> _Exercise requirements_
Print the records below exactly, from the line containing "Music Therapy Centre Cambridge, Anglia" down to the line containing "(14 of 180).jpg", both lines included, and omit every picture.

** Opening Data provided block **

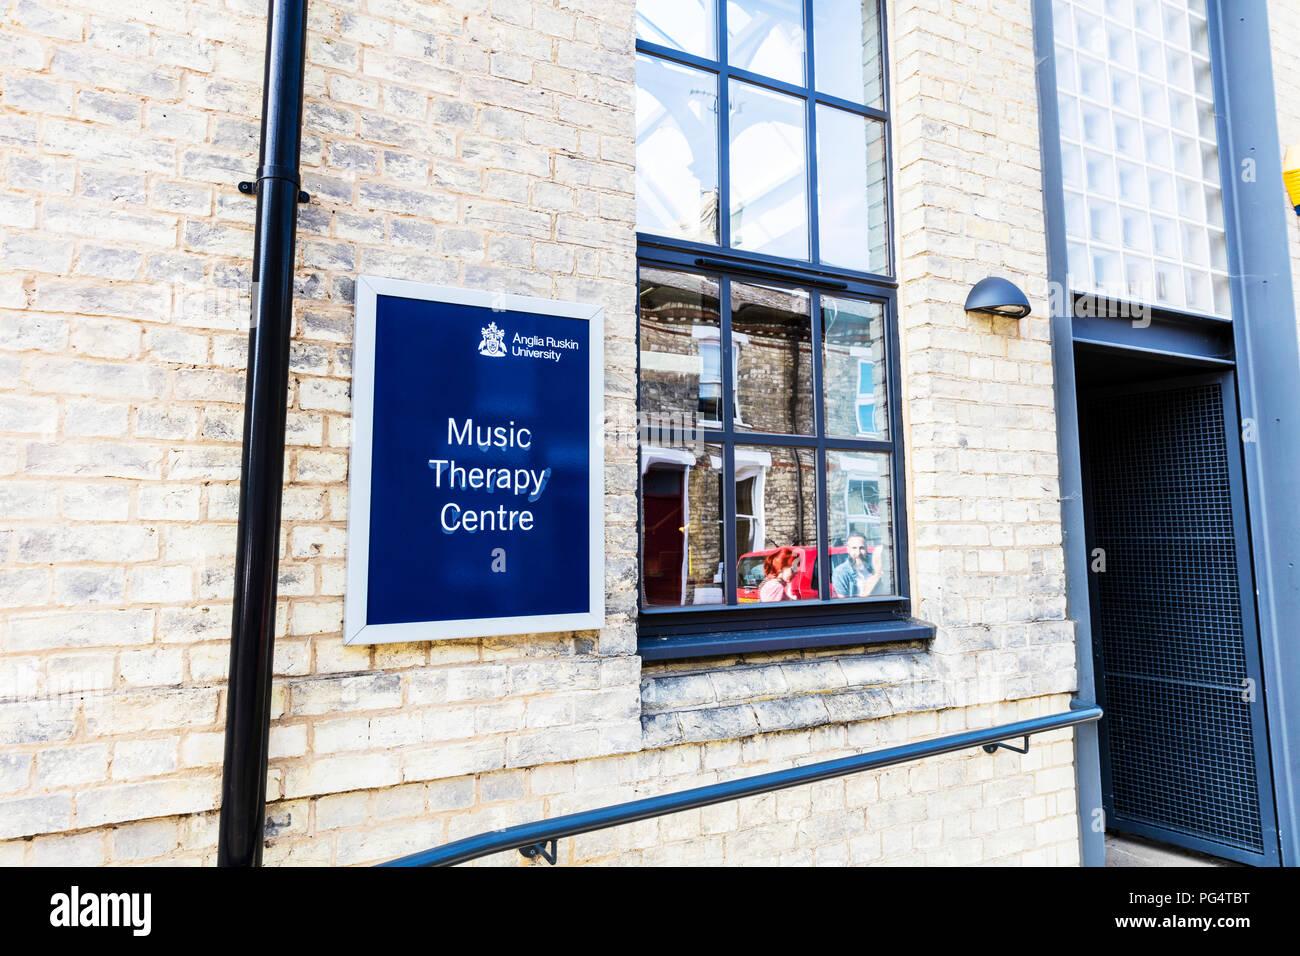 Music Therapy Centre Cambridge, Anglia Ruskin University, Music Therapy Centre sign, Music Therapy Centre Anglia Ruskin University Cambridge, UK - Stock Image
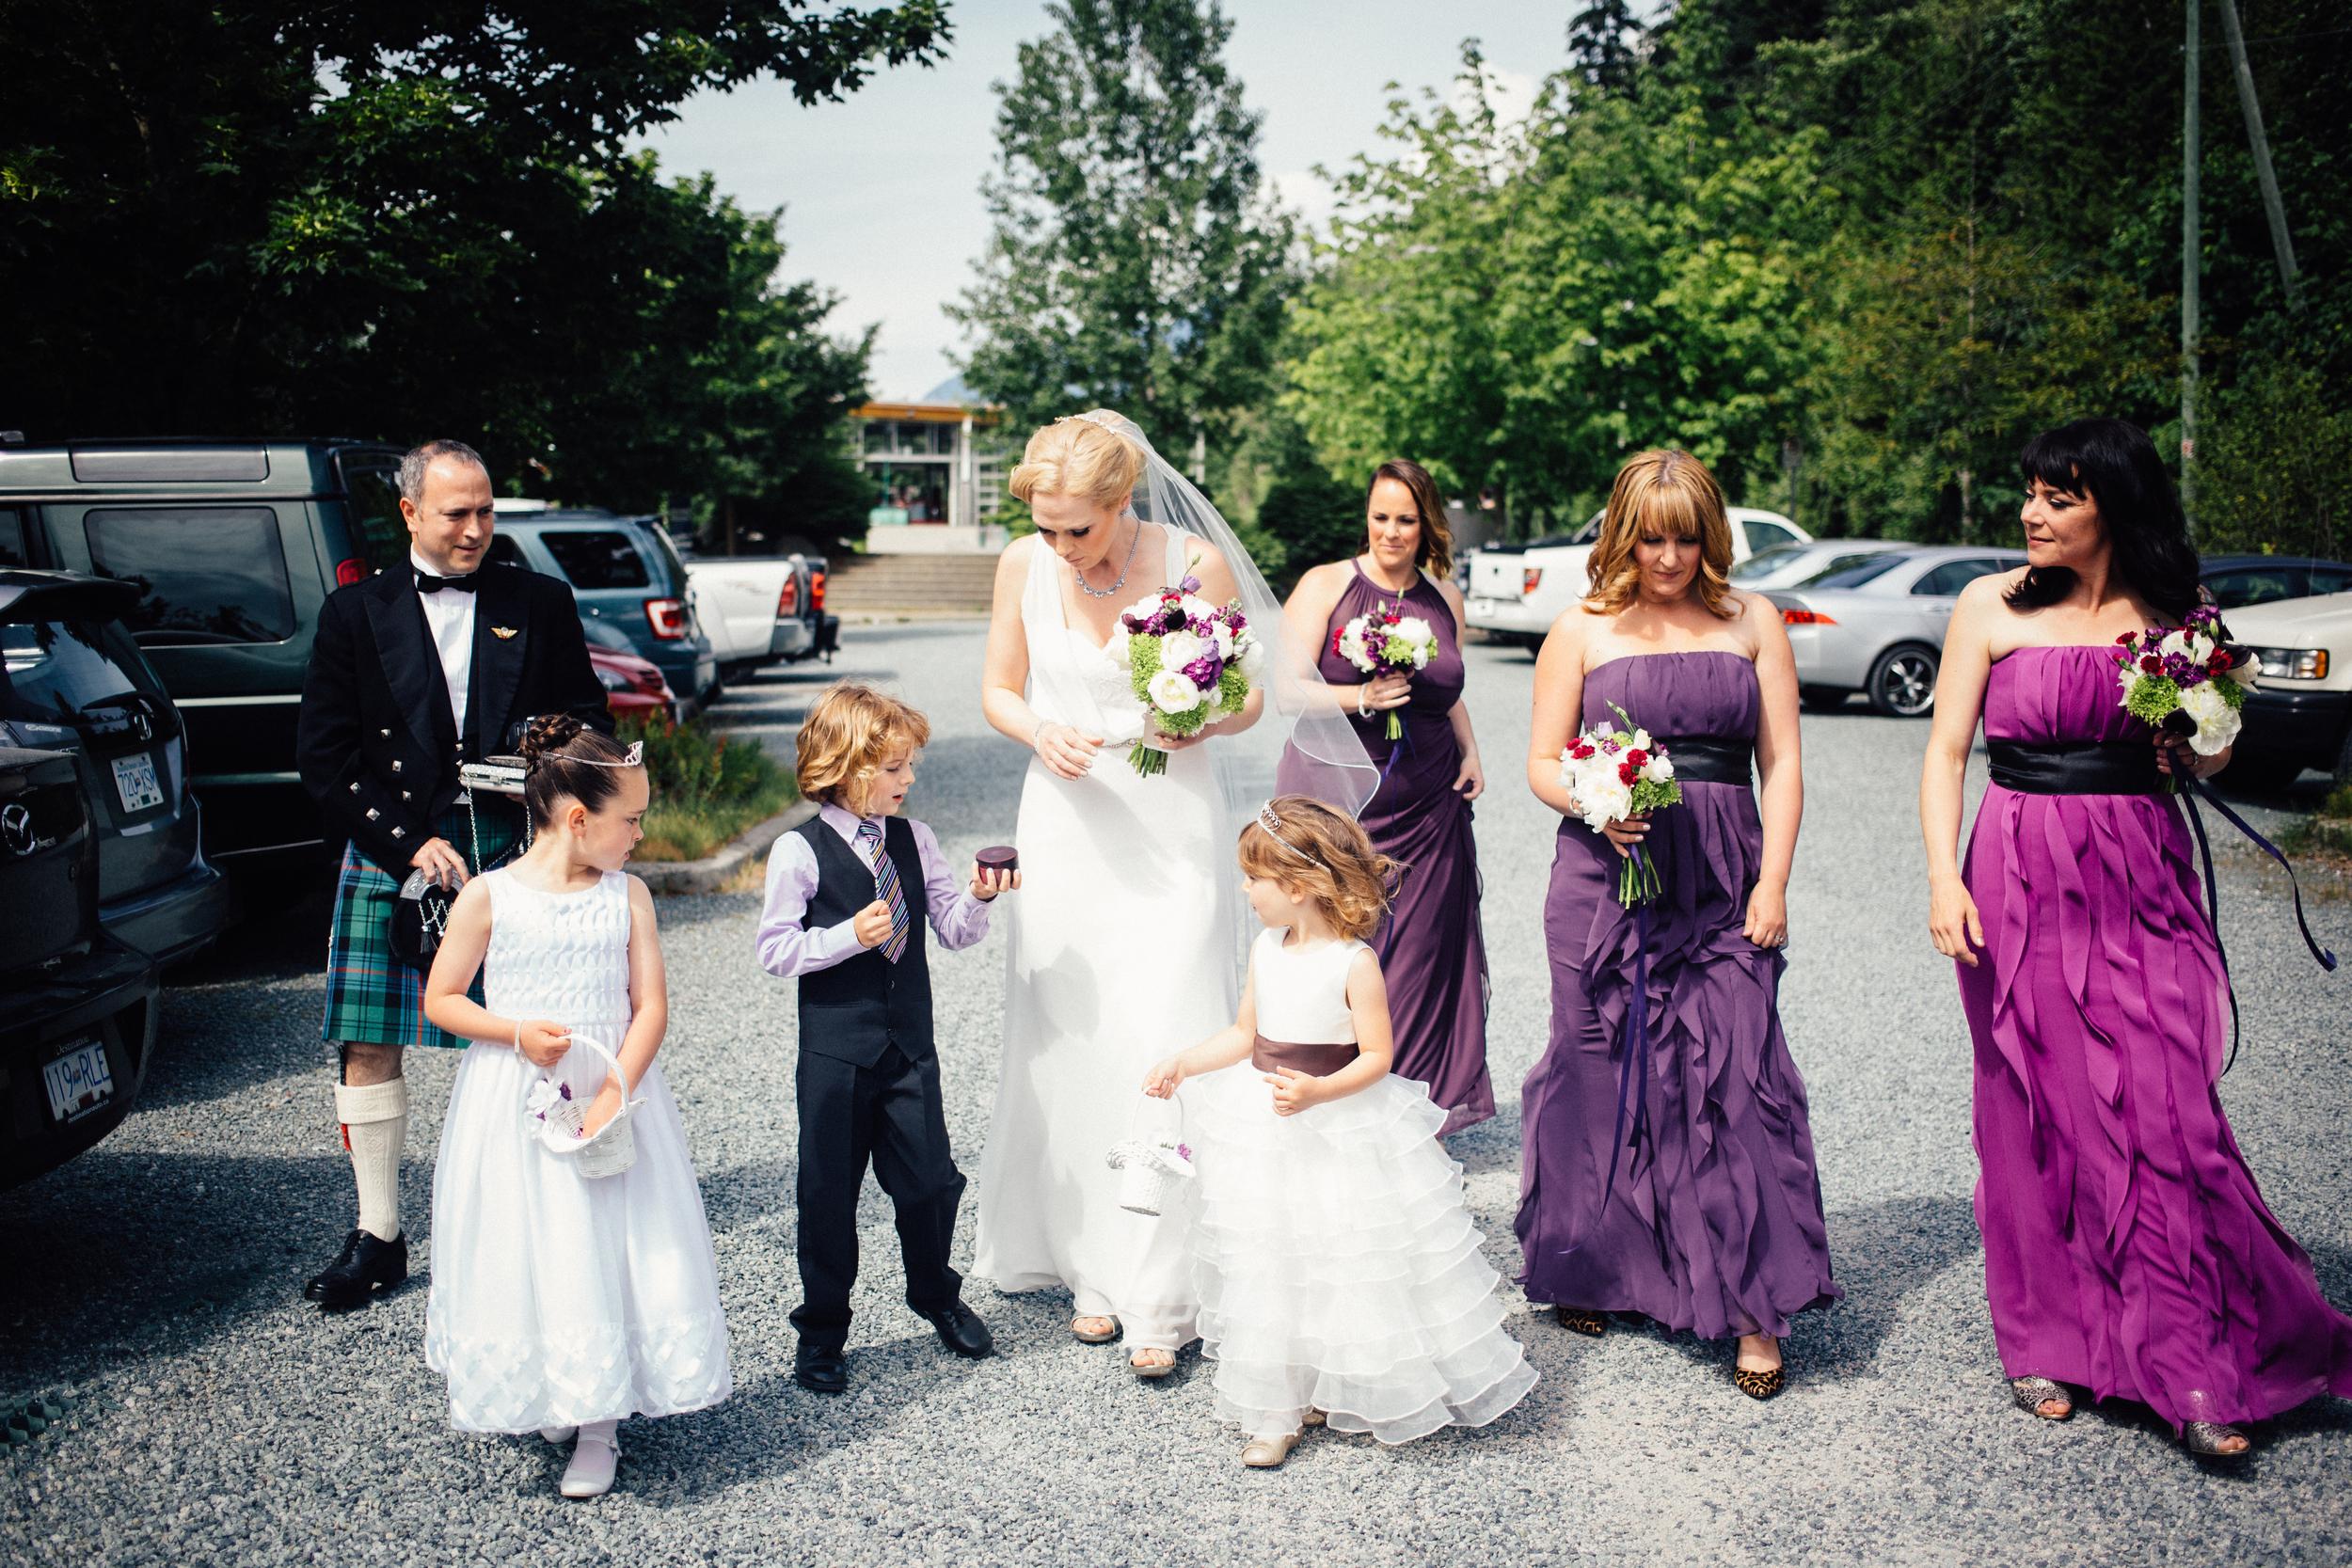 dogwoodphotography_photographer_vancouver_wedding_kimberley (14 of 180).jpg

** Closing Data provided block **
** Opening Data provided block **

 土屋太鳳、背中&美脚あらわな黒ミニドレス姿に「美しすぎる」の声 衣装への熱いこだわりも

** Closing Data provided block **

> _Completed exercise_
 Music Therapy Centre Cambridge, Anglia Ruskin University, Music Therapy Centre sign, Music Therapy Centre Anglia Ruskin University Cambridge, UK - Stock Image
 dogwoodphotography_photographer_vancouver_wedding_kimberley (14 of 180).jpg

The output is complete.